Editor's Perspective
Editorial · Updated 13 June 2026 · 3 min read

The Problem With "Gentle Parenting" Discourse Online

The principles behind gentle parenting are sound. The online content ecosystem around it — the scripts, the perfectionism, the quiet shaming — is something else entirely.

Gentle parenting — broadly, an approach centred on empathy, emotional validation, and collaboration rather than punishment and control — is not a bad idea. Much of what it draws on, from attachment theory to developmental psychology, is well-grounded. The instinct to move away from authoritarian parenting models, to take children’s emotional lives seriously, and to build relationships on trust rather than fear, is a good one. We want to say that clearly at the outset, because what follows is not an argument against any parent who has found these ideas helpful.

The online discourse around it, however, is something else entirely — and it looks much the same whether your feed is in London, Sydney, or Seattle.


What Gets Lost in the Content

Spend time in parenting communities on Instagram, TikTok, or YouTube and you’ll encounter a version of gentle parenting that is simultaneously prescriptive and vague. Every toddler tantrum requires a perfectly calibrated response. Every outburst is an opportunity for connection. There is a script — usually delivered by an influencer with a calm voice and a beautifully lit kitchen — for how the attuned parent should respond.

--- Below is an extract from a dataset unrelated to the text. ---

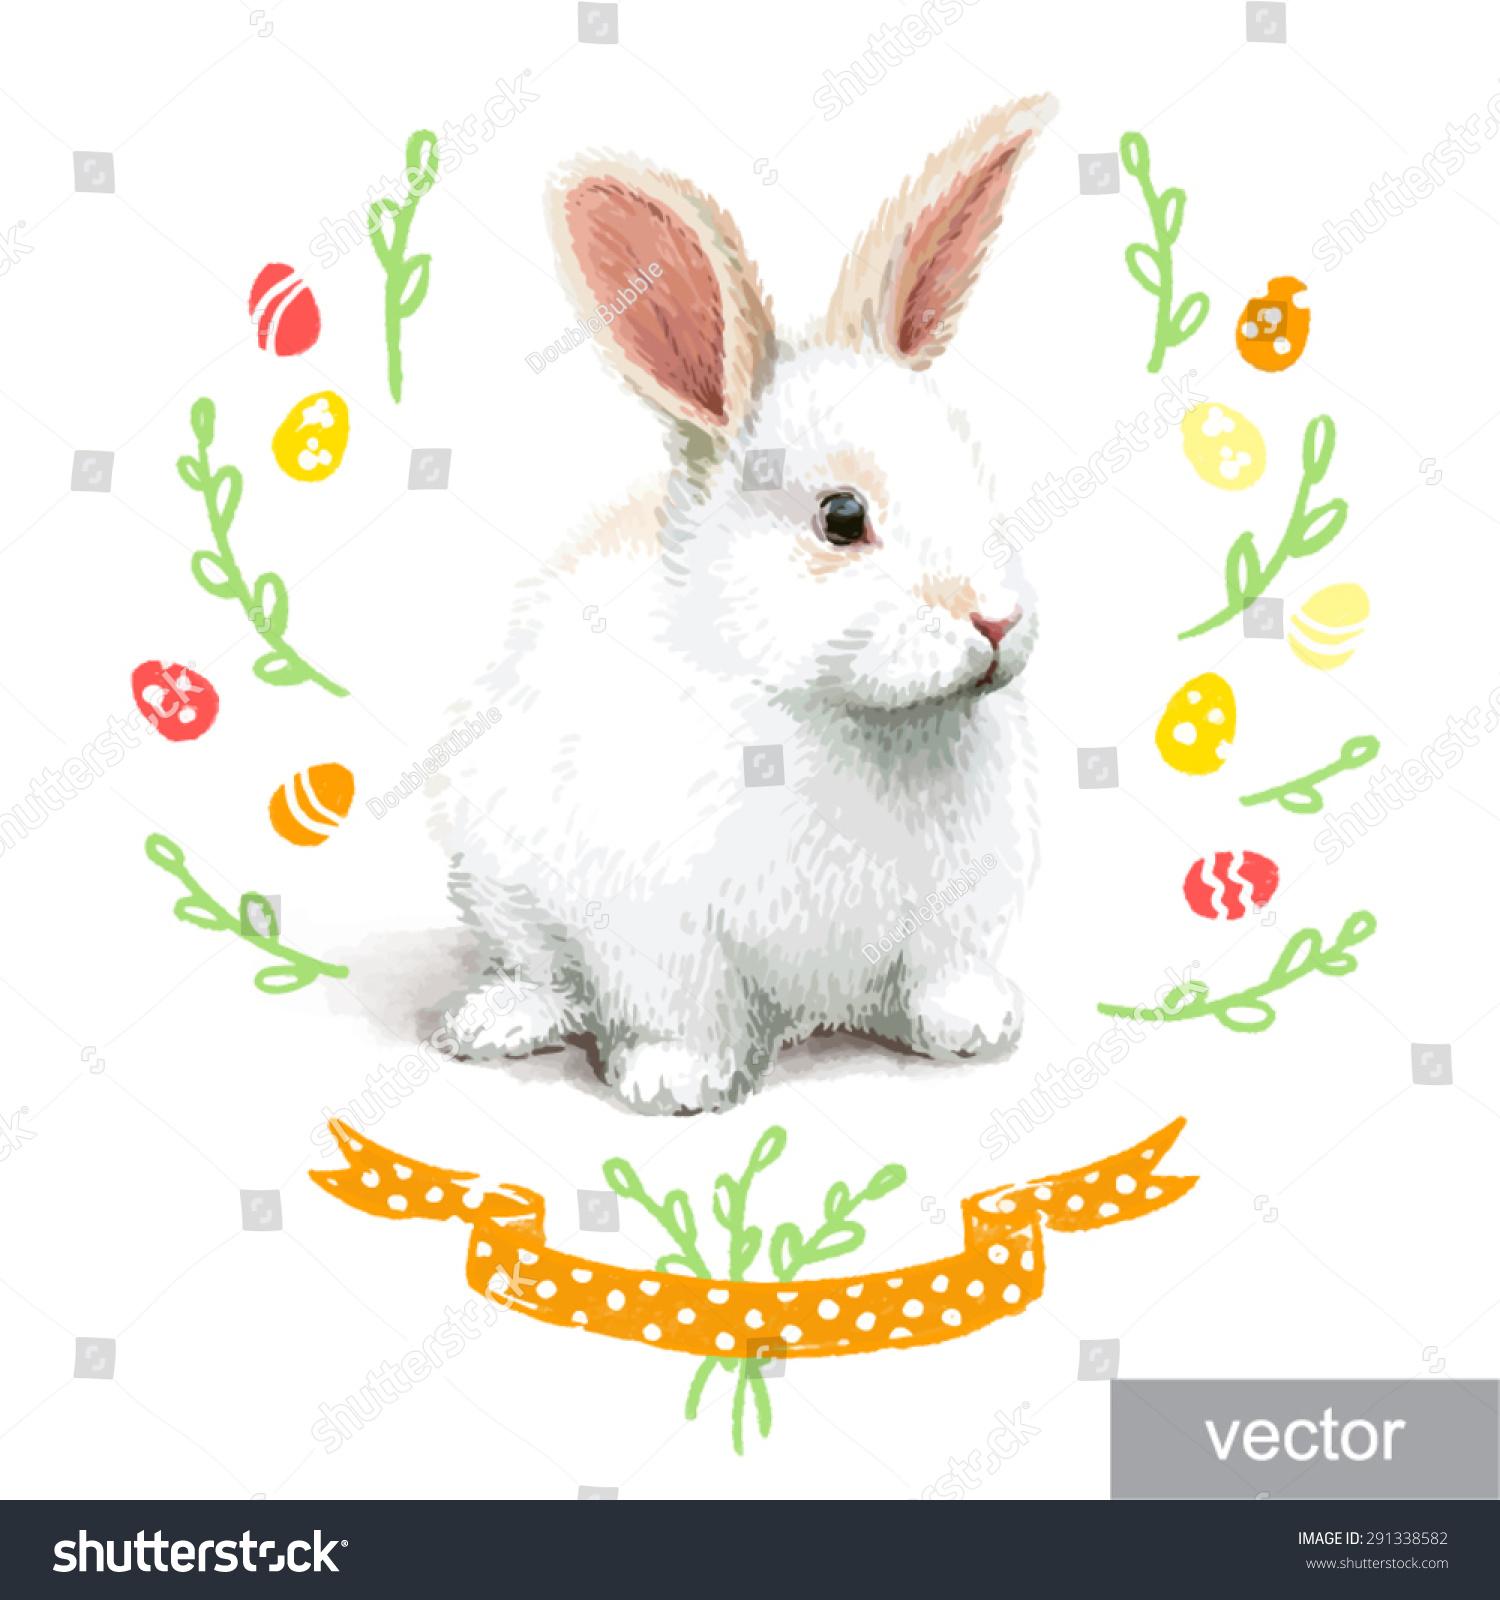 Realistic rabbit illustration - photo#16
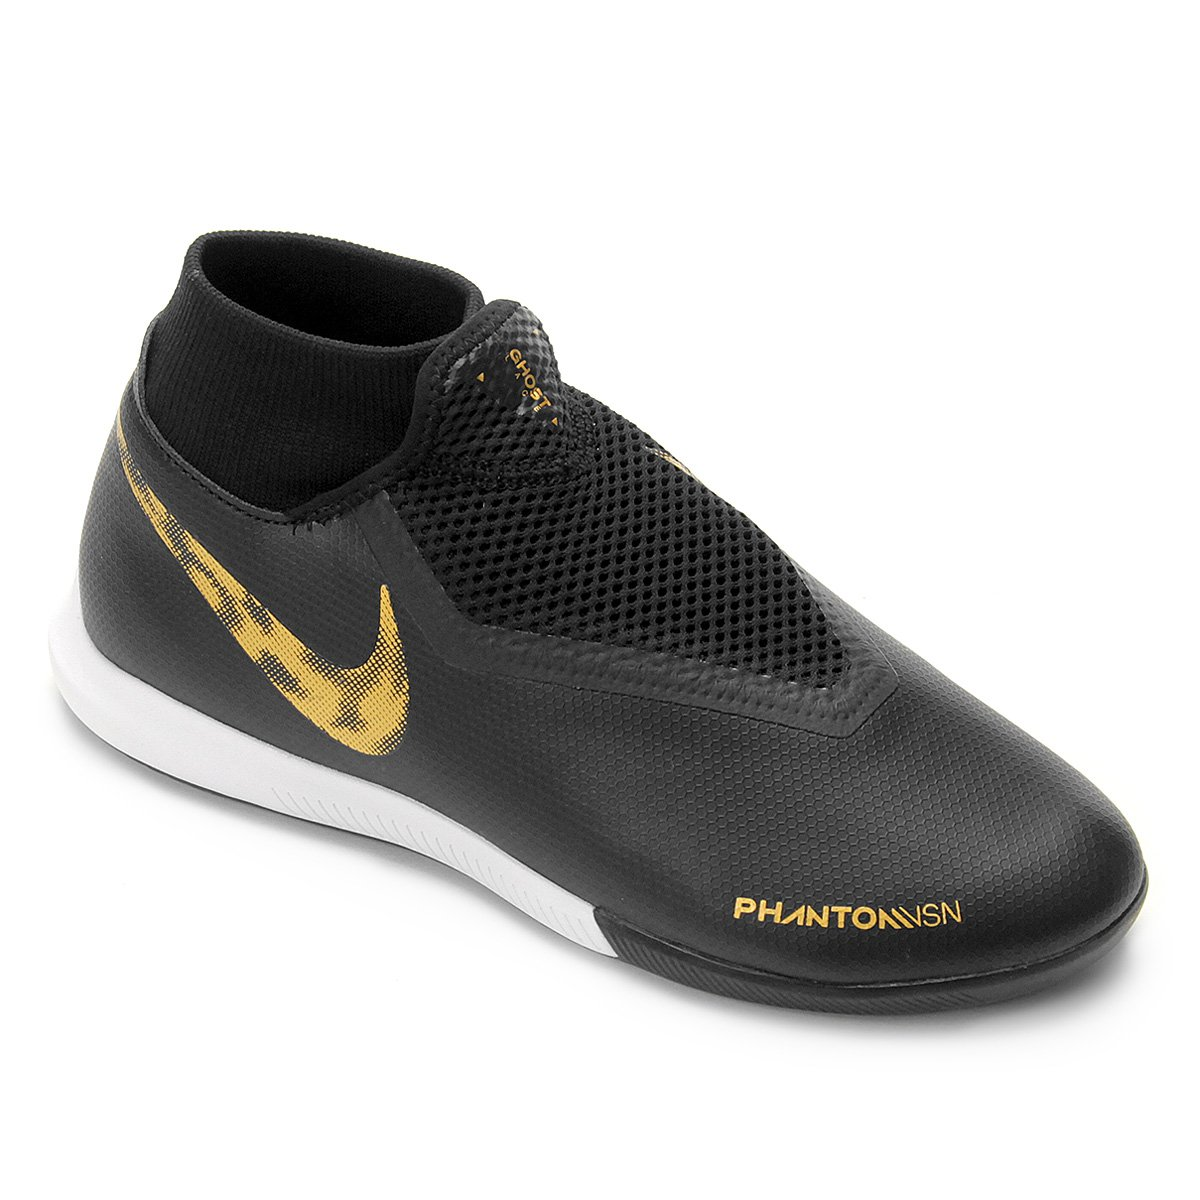 7147f09516 Chuteira Futsal Nike Phantom Vison Academy DF IC - Preto e Dourado ...

The subtext, rarely said out loud, is that if your child is struggling, it’s because you’re not doing this correctly.

That is not what the research says. Developmental science has never suggested that children’s behaviour is entirely a function of parenting responsiveness. Children have temperaments. They have neurobiology. They experience things outside the home. A child who melts down repeatedly is not necessarily a child with an unresponsive parent — they may simply be a child who finds regulation hard, for reasons that have nothing to do with whether their caregiver validated their feelings in the supermarket.


The Perfectionism Problem

The version of gentle parenting sold online tends toward perfectionism, and perfectionism is not a great foundation for parenting anywhere.

Real parenting involves being tired, impatient, and inconsistent. It involves saying the wrong thing and making it right later. It involves good enough, rather than optimal — a concept introduced by the paediatrician and psychoanalyst Donald Winnicott, who observed that children don’t need perfect parents; they need parents who are present, loving, and able to repair when things go wrong.

The online gentle parenting content often implicitly denies this. It presents an ideal that no real parent — none of us — can consistently achieve, and frames any deviation as a failure of attunement rather than a normal feature of being human.

The practical effect is that parents — usually mothers — feel worse about their parenting, not better. The approach designed to reduce shame appears, in its influencer form, to be generating quite a lot of it.


When It Becomes Avoidance

There’s also a question, raised in good faith, about what “gentle parenting” applied without nuance sometimes slides into: difficulty with limit-setting.

Children need boundaries. Not because boundaries are punitive, but because they are, among other things, regulating — they reduce the anxiety of an infinite decision space, they communicate that an adult is in charge and paying attention, and they are a prerequisite for life in a social world. A child who has never experienced a firm no from a caregiver they trust is not a child who has been treated gently. They are a child who has been handed a level of autonomy they are developmentally unequipped for.

The best practitioners working in therapeutic parenting, trauma-informed care, and attachment-based approaches are clear on this: warmth and structure are not opposites. The research consistently shows that children do best with parenting that is both emotionally responsive and consistent in its expectations.

The online discourse often presents only the first half of that equation.


What’s Worth Keeping

None of this is an argument against the underlying principles. Empathy, validation, curiosity about what’s driving a child’s behaviour, relationships built on trust — these things matter. The shift away from shame-based and punitive approaches is genuinely important, particularly for children who have experienced trauma or have additional needs.

The issue is the content ecosystem that has grown around these ideas: the scripts, the aesthetics, the perfectionism, and the subtle implication that struggling parents are failing parents.

Parenting is hard, wherever you’re doing it. Children are unpredictable. Good enough is real, and it is enough.

The feed will tell you otherwise. You don’t have to believe it.